Bladder cancer has many malignant biological characteristics, such as multi-focal, multi-gene participation, multi-stage heterogeneous growth, high incidence, high recurrence rate, and so on. The treatment of bladder cancer is very difficult. Current treatment methods mainly include surgery, radiotherapy and postoperative intravesical instillation of anticancer drugs. This method is harmful to patients, and the quality of life of patients is seriously reduced. In this case, small interfering RNA gene targeting therapy has attracted great attention of researchers.
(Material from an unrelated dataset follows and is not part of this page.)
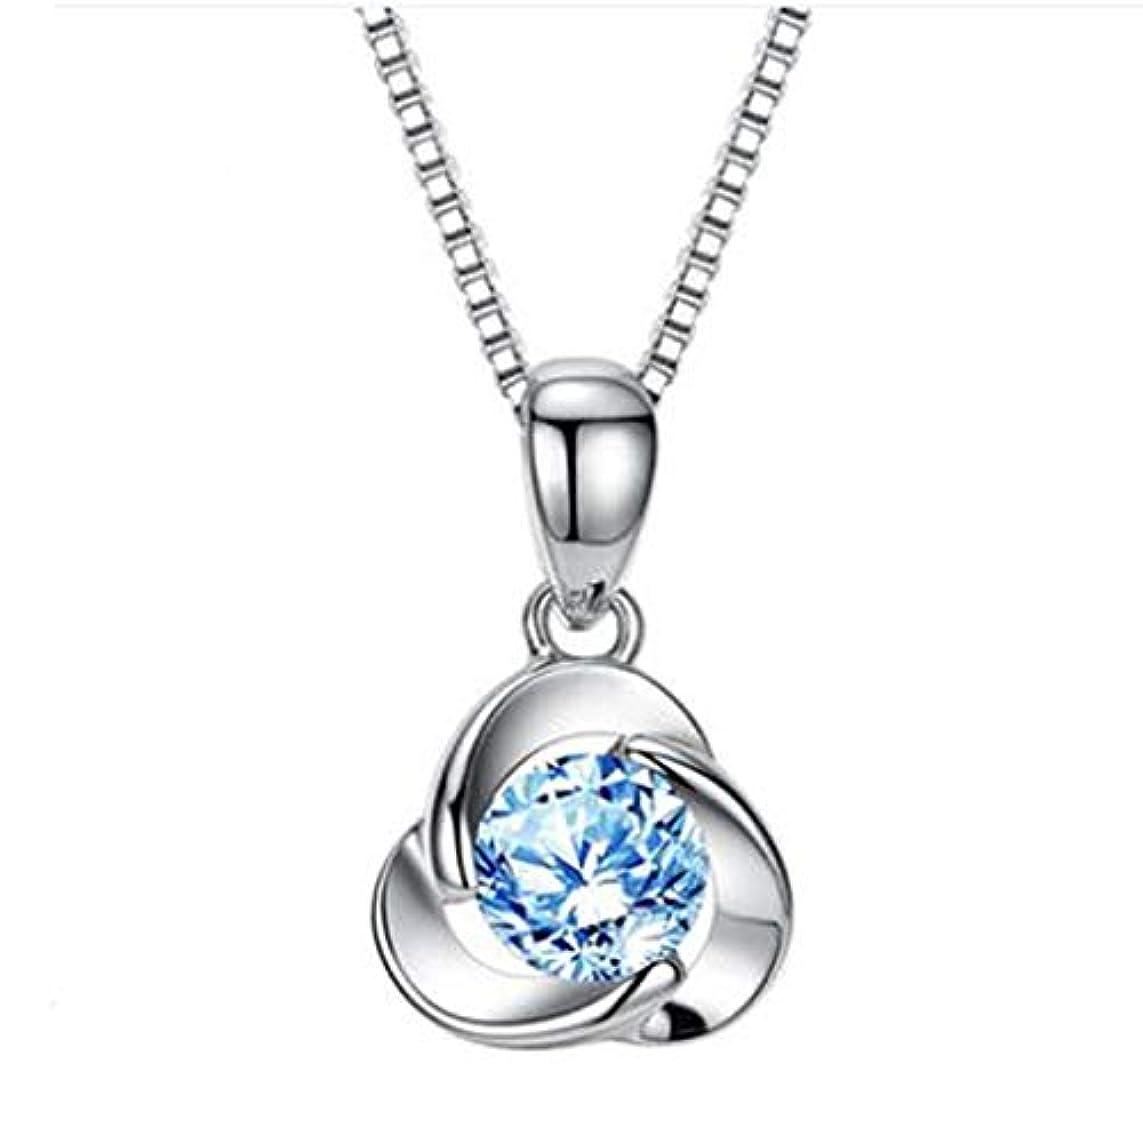 大いに観光に行く無傷Yougou01 ガールフレンドの妻の誕生日プレゼントを送る女性実用クリエイティブロマンチックな特別な心小さな贈り物 、創造的な装飾 (Color : Blue)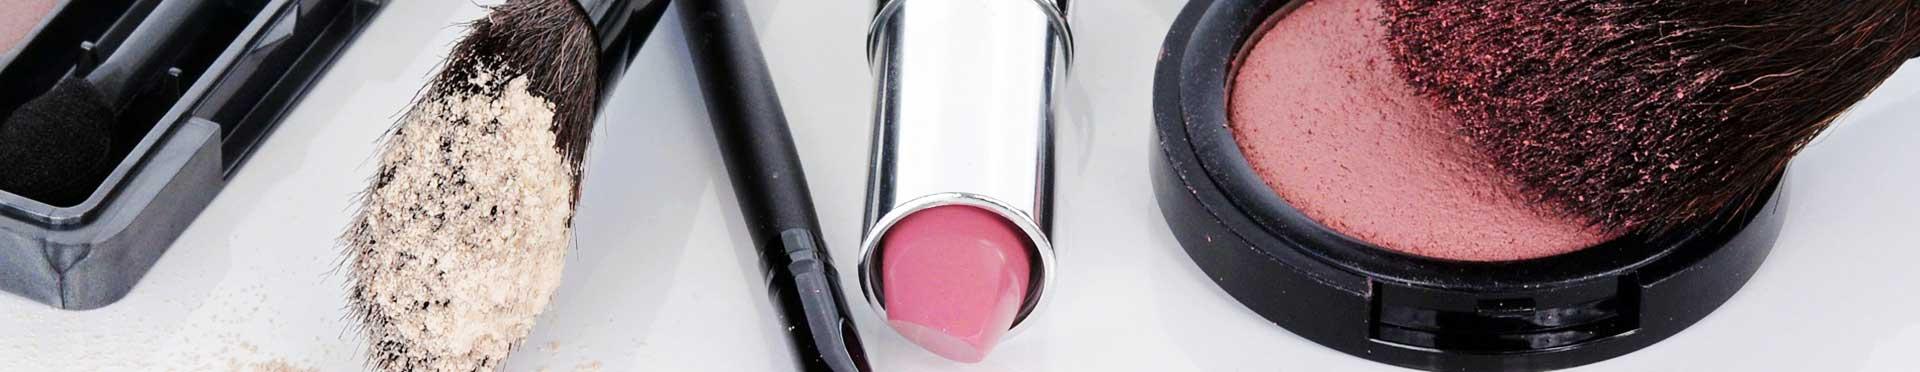 Implantación de buenas prácticas en productos cosméticos

RNA interference is a kind of gene silencing after transcription. After RNA is cut, it triggers a post-transcriptional monitoring program, identifies the mRNA with homologous sequence and produces specific cleavage to it, thus blocking its translation function. This method can inhibit the overexpression of oncogenes at the gene level, but does not interfere with the physiological activities of normal cells. Specific gene suppression with siRNA has been demonstrated to have great potential in the treatment of viral infectious diseases and tumors, and is a promising new method for radical treatment of bladder cancer.
The key of gene therapy is target. We chose STAT3 and Survivin as experimental objects.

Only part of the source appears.